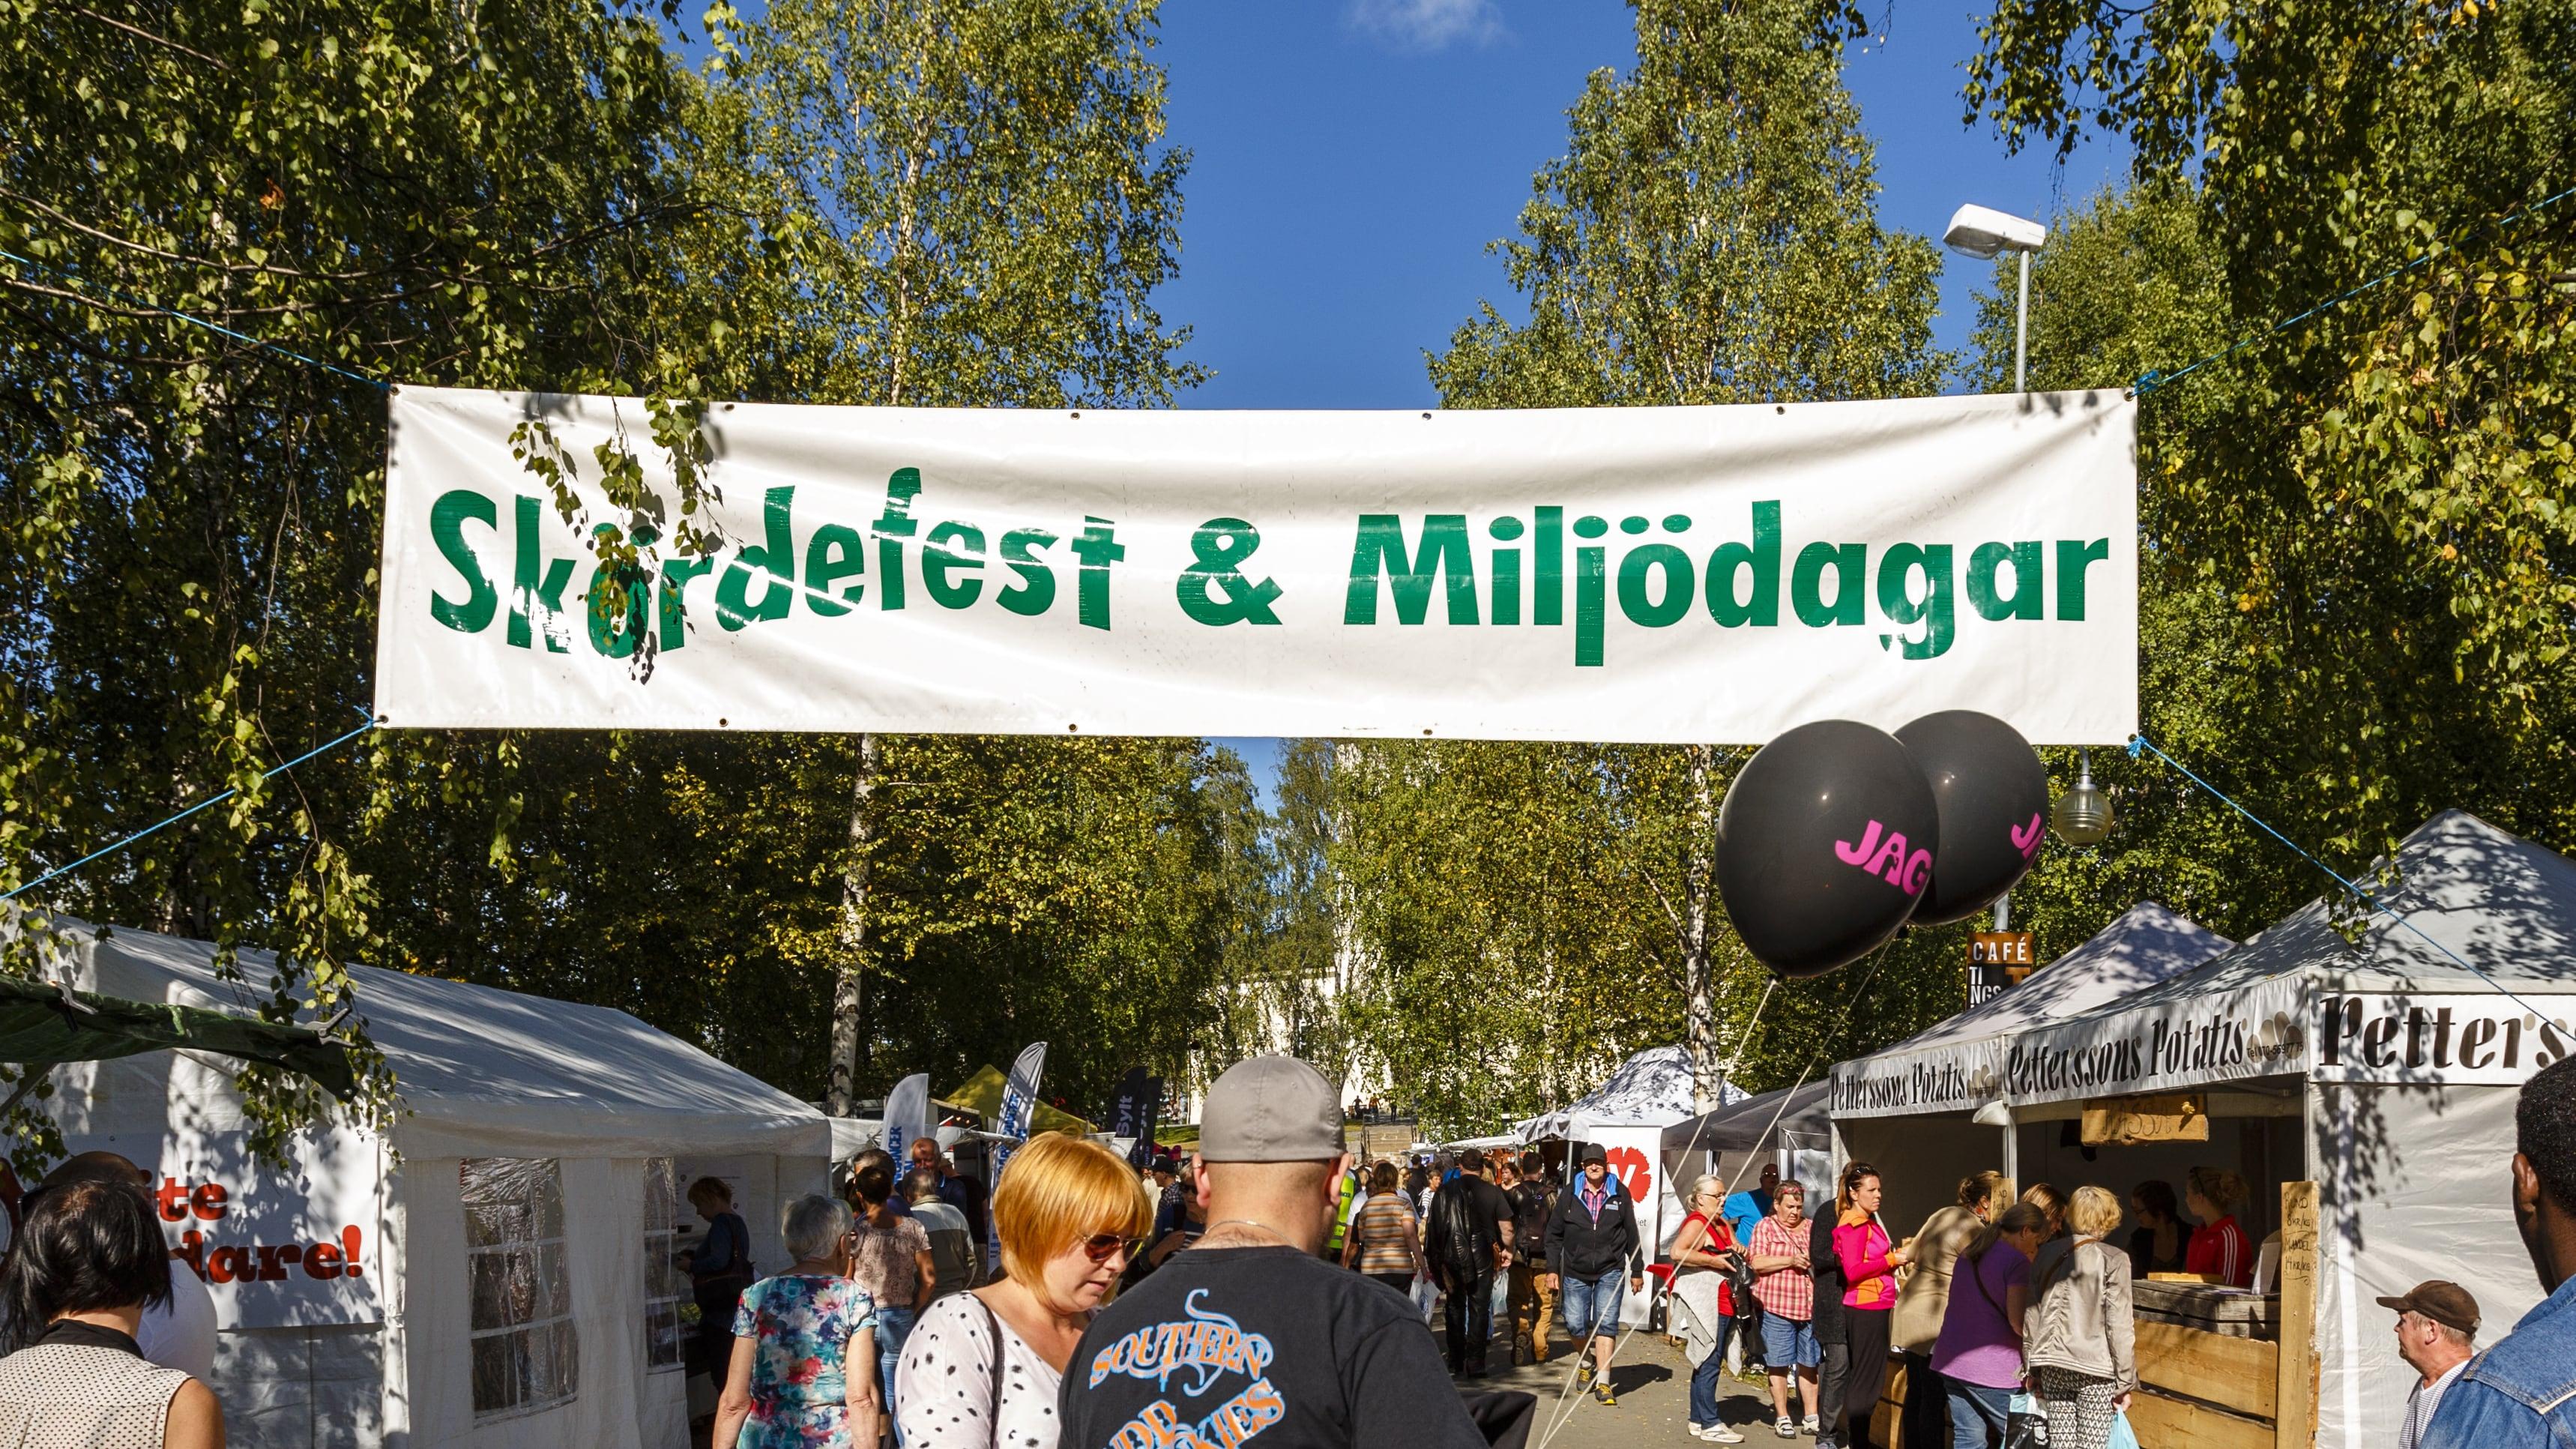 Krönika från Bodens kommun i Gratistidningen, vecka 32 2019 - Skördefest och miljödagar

...

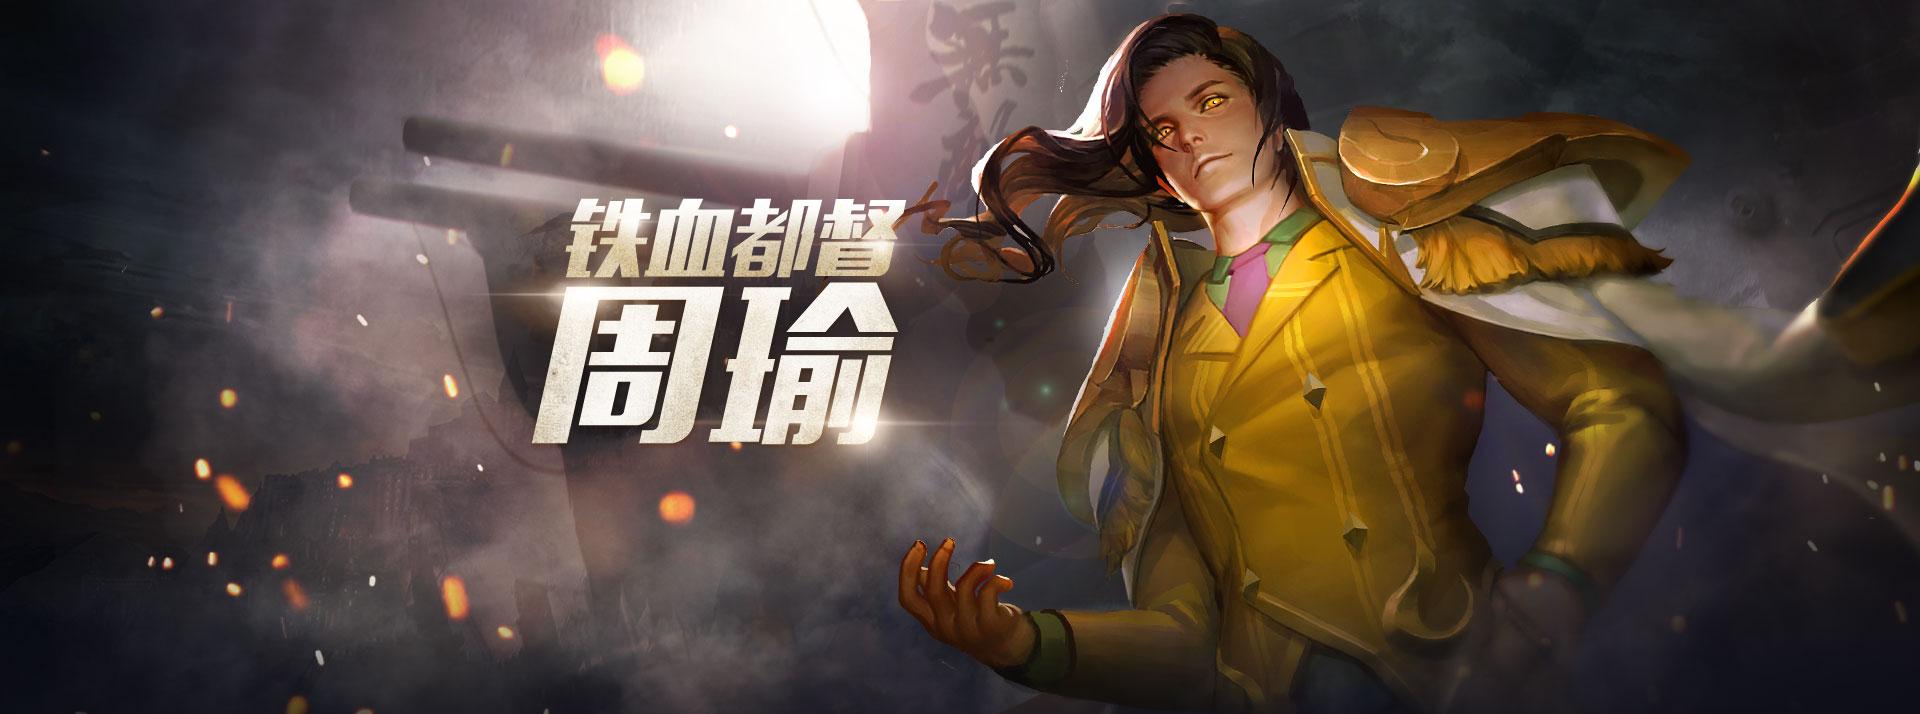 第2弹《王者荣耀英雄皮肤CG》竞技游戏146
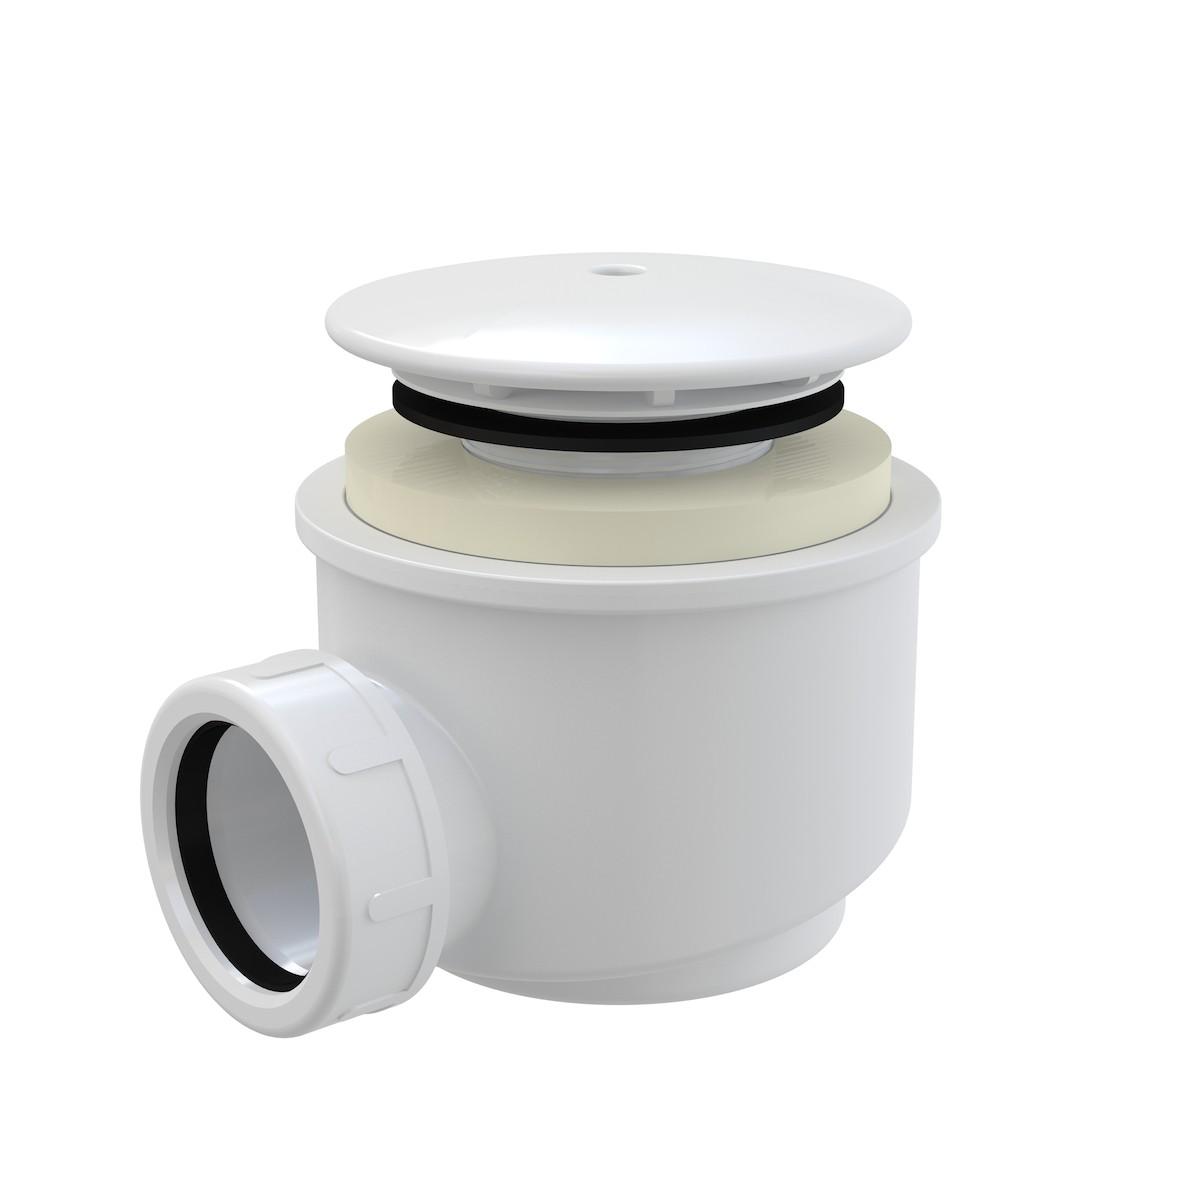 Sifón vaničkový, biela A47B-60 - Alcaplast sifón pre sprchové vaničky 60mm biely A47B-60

Assignment >>
Looking above, find the stretch of lines that opens with the one holding "第2弹《王者荣耀英雄皮肤CG》竞技游戏146" and closes with the one holding "Sifón vaničkový, biela". Copy it exactly, pictures excluded.

Response below >>
 第2弹《王者荣耀英雄皮肤CG》竞技游戏146
 Sifón vaničkový, biela A47B-60 - Alcaplast sifón pre sprchové vaničky 60mm biely A47B-60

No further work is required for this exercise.